Research output: Contribution to journalArticlepeer-review

77 Scopus citations

Abstract

For several decades now, there has been sporadic interest in automatically characterizing the speech impairment due to Parkinson's disease (PD). Most early studies were confined to quantifying a few speech features that were easy to compute. More recent studies have adopted a machine learning approach where a large number of potential features are extracted and the models are learned automatically from the data. In the same vein, here we characterize the disease using a relatively large cohort of 168 subjects, collected from multiple (three) clinics.
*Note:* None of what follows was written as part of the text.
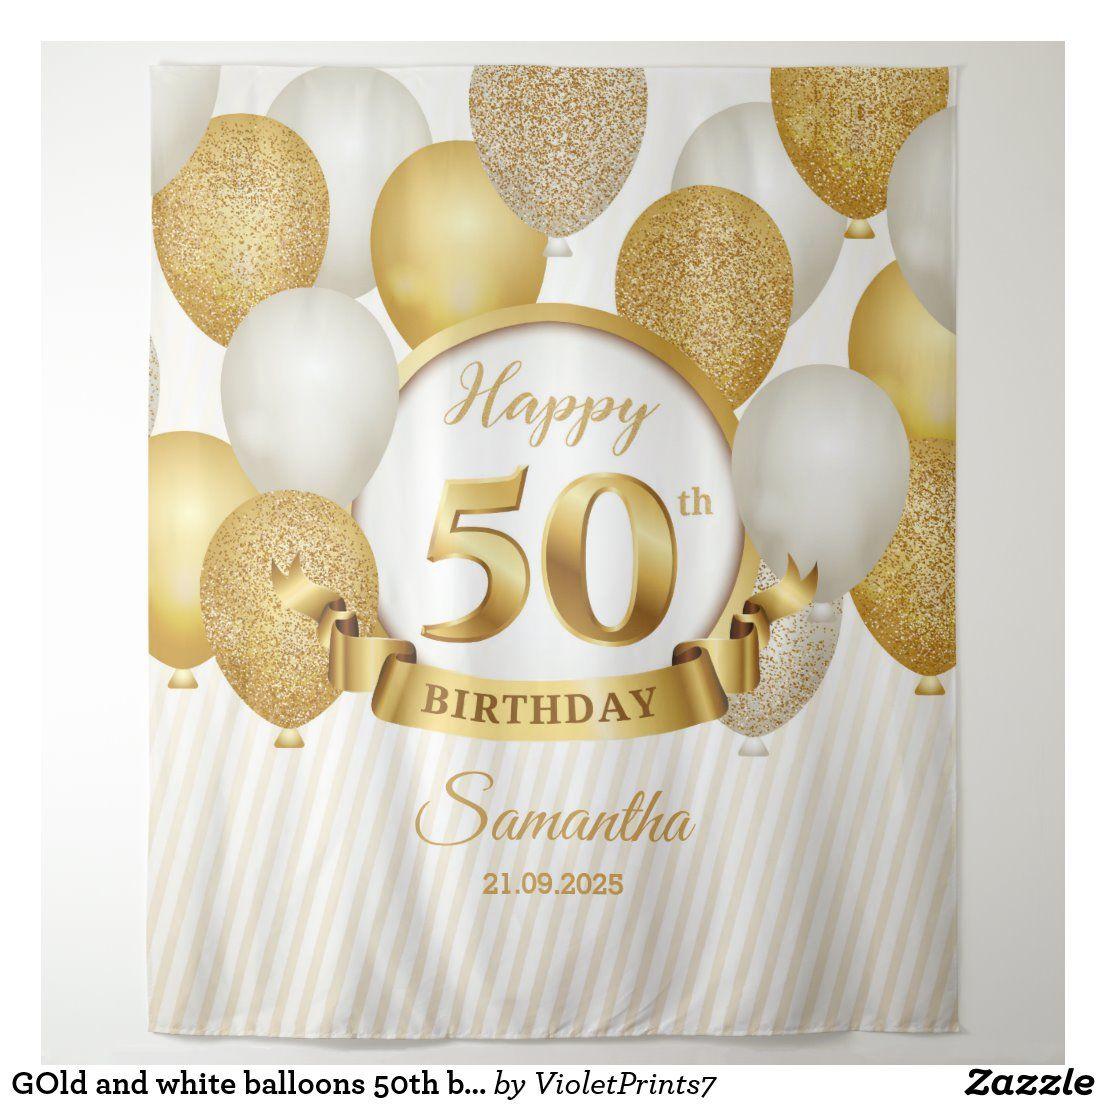 Gold And White Balloons 50th Birthday Backdrop Zazzle Com In 2021 50th Birthday Balloons Birthday Backdrop White Balloons

We elicited speech using three tasks - the sustained phonation task, the diadochokinetic task and a reading task, all within a time budget of 4 min, prompted by a portable device. From these recordings, we extracted 1582 features for each subject using openSMILE, a standard feature extraction tool. We compared the effectiveness of three strategies for learning a regularized regression and find that ridge regression performs better than lasso and support vector regression for our task. We refine the feature extraction to capture pitch-related cues, including jitter and shimmer, more accurately using a time-varying harmonic model of speech. Our results show that the severity of the disease can be inferred from speech with a mean absolute error of about 5.5, explaining 61% of the variance and consistently well-above chance across all clinics. Of the three speech elicitation tasks, we find that the reading task is significantly better at capturing cues than diadochokinetic or sustained phonation task. In all, we have demonstrated that the data collection and inference can be fully automated, and the results show that speech-based assessment has promising practical application in PD. The techniques reported here are more widely applicable to other paralinguistic tasks in clinical domain.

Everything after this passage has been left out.